What is the best way to achieve 'fairness' here ?

rephrased:

we have 50_000 async tasks
we have 50 threads

we want to define a 'simulation tick' as:
for each of the 50_000 async tasks, run them until they hit their 'yield point'
do the above as efficiently as possible, using the 50 threads

This isn't the same as being absolutely fair.
Being fair, i'd reckon, can be done by selecting a task via round robin and assigning it to the first available thread.

This is somewhat difficult to do with Tokio because round-robin is just not the way Tokio works. Tokio works by having tasks be notified when they become ready, at which point they go in a queue of things to run.

Let S be the set of all fair solutions.

Then, from S, pick the most efficient one.

I have no idea what point you are driving at.

Is there a different async runtime that better matches this?

I'm not aware of any runtime that polls tasks in a round robin fashion as opposed to polling them when they notify their readiness.

You might want to try using mio directly?

Yeah, that's more or less what I was suggesting, though I'm not sure I'd use the async/await stuff at all if I really wanted to do it like that. And yes, there isn't really any easy way to get work stealing with this approach.
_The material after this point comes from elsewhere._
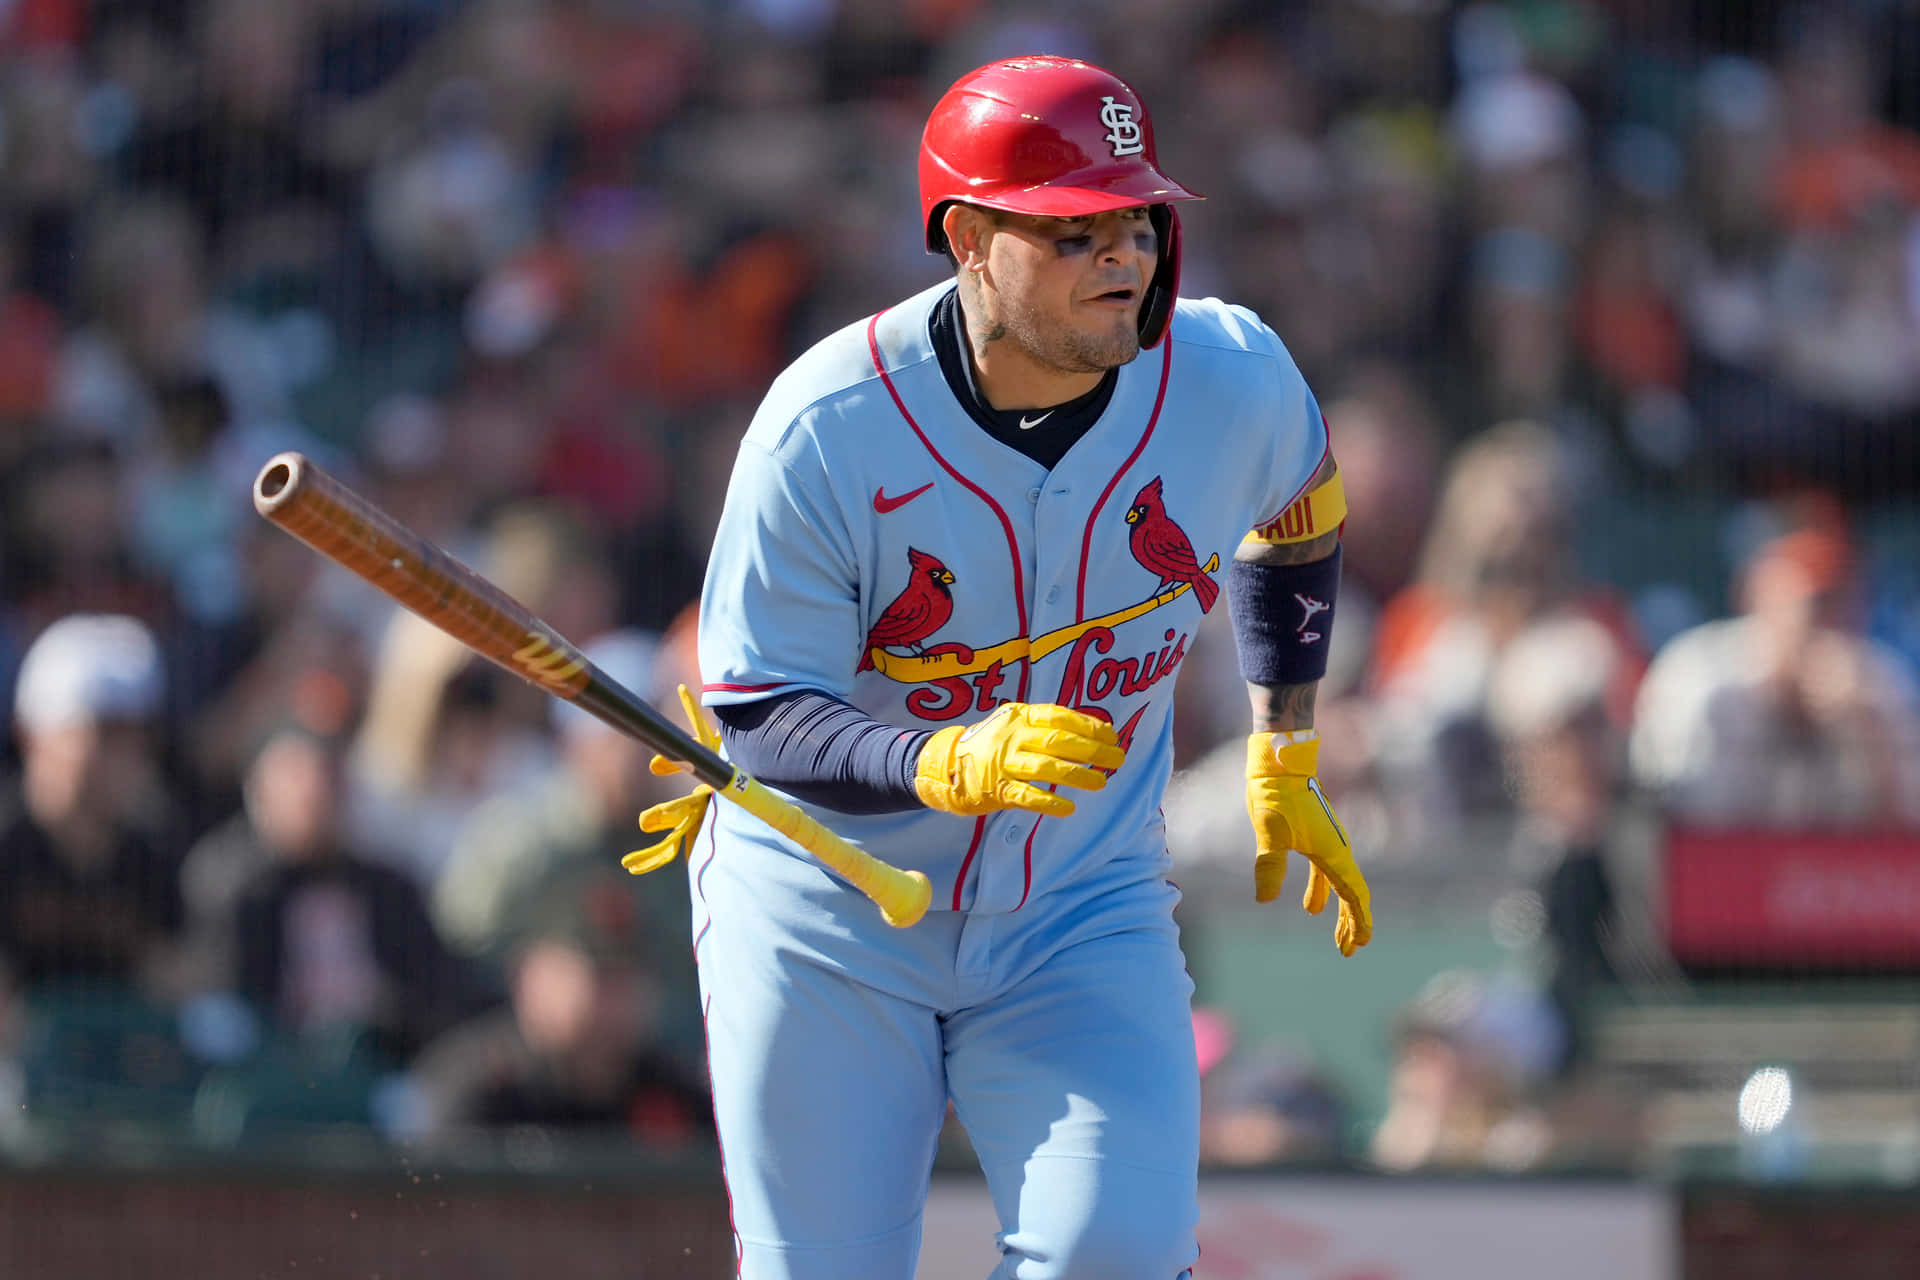 Download Yadier Molina, 9x All-Star catcher for the St. Louis
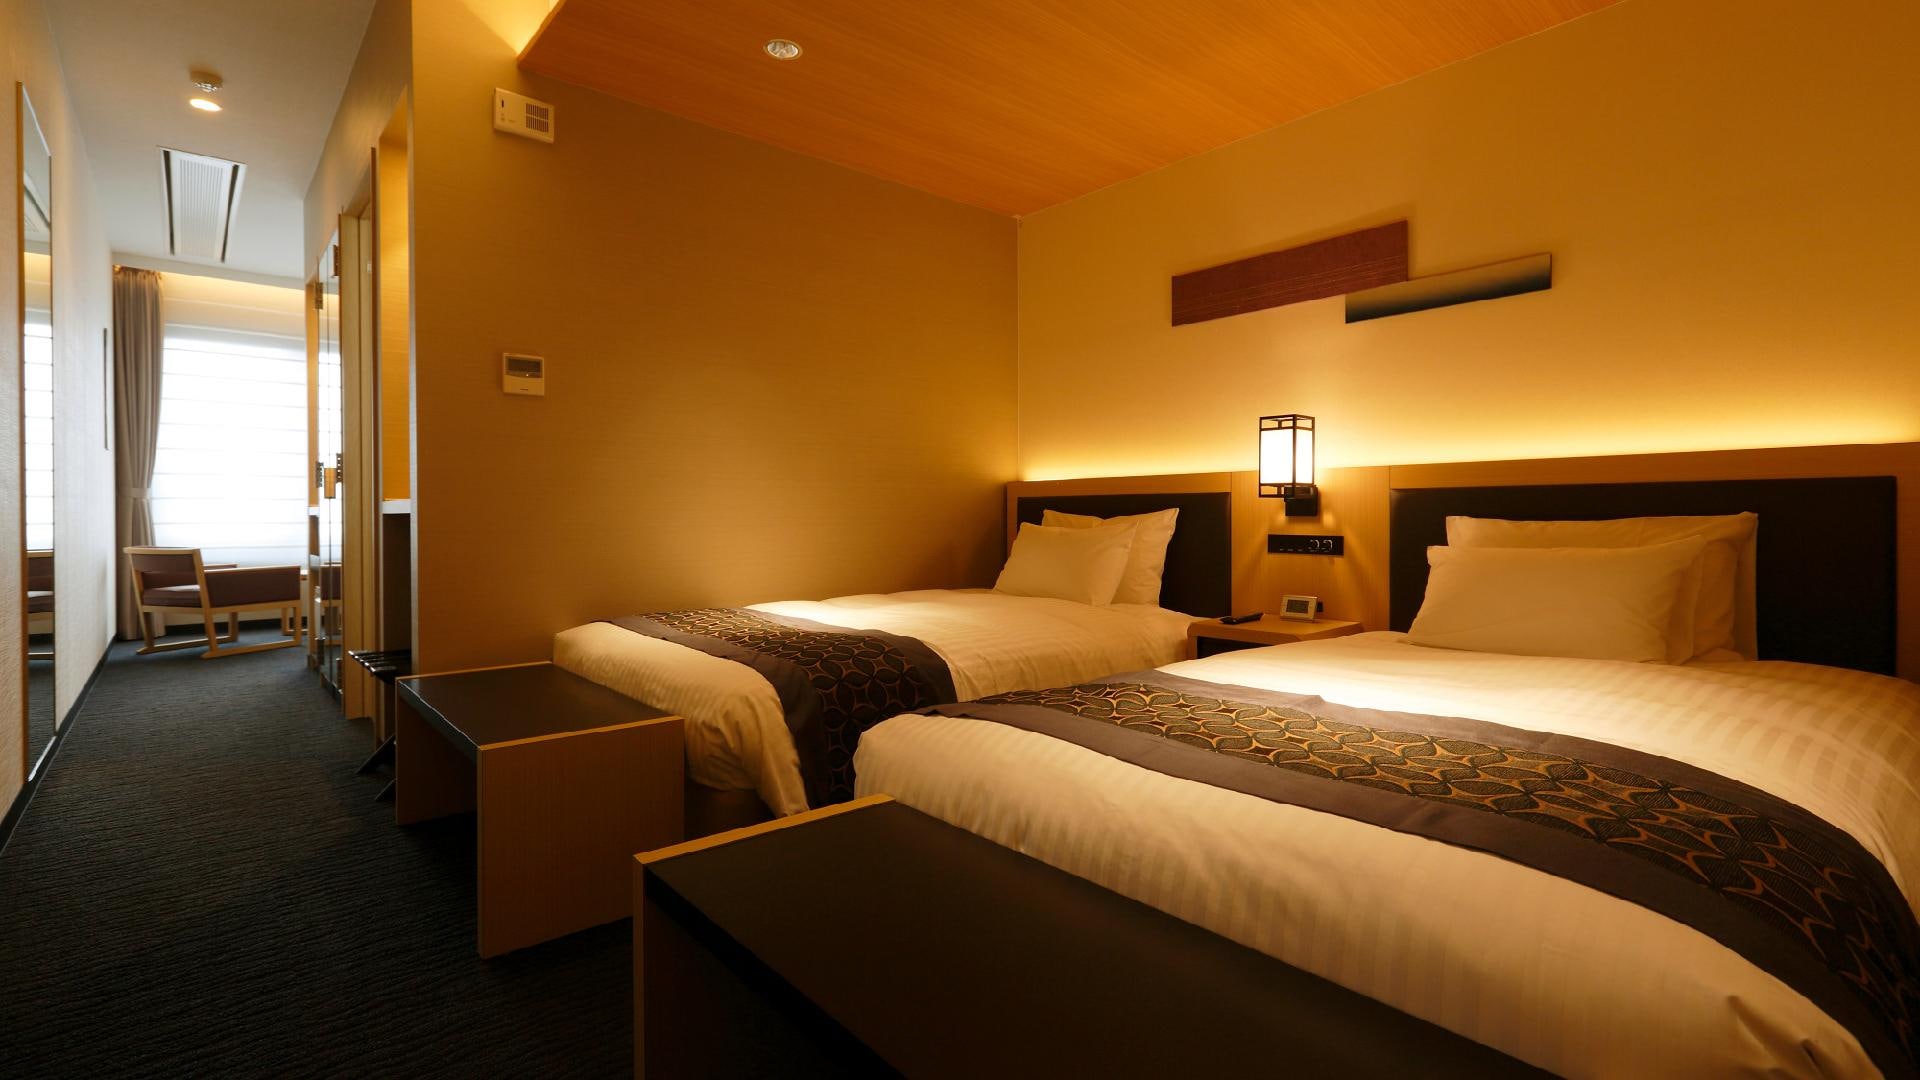 A Western-style room with a size of 32㎡ and a modern Japanese style. Separate standard with separate living room and bedroom.

Alternatively, maybe you should reconsider round robin polling?

The XY problem is:

I want to be able to handle 50_000 concurrent udp users, and blast out updates to them at 200 millisecond intervals.

Round Robin is not a strict requirement, but I can't think of anything that satisfies the above without also being Round Robin.

1 Like

I don't know how well this would work, but you could try spawning a timer task that basically looks like this:

loop {
    sleep(200 ms).await;
    notify_all();
}

Then all of your UDP users have their own task that wait for a notification from the timer task, and once they receive the notification, they all send out the UDP packets.

The notifications could be sent using tokio::sync::Notify or tokio::sync::broadcast or similar. Not sure which one would work best.

Note that here I am using a single timer rather than a timer in each task to "synchronize" the timings, since it sounds like you want to send out all the packets at once.

To tell you the truth, Tokio's work stealing runtime might not be very well optimized for this particular use-case. The thread-local queue has a fixed size of 256 tasks (the work stealing algorithm requires it to be a fixed size), and any tasks beyond that spill into the global queue, which I don't think is what you want performance-wise in your case.

1 Like

I did not explain the problem well. It is fine if

task A sends out updates at k * 200
task B sends out updates at 100 + k * 200

bandwidth limits may actually require this

Thanks for the discussion. I'll just try the 'manual threading' approach.

If you space them out, then it is much less likely that you will run into issues with spilling into the global queue, since the 256 limit is on the number of notified tasks on a single thread. The idle threads don't count.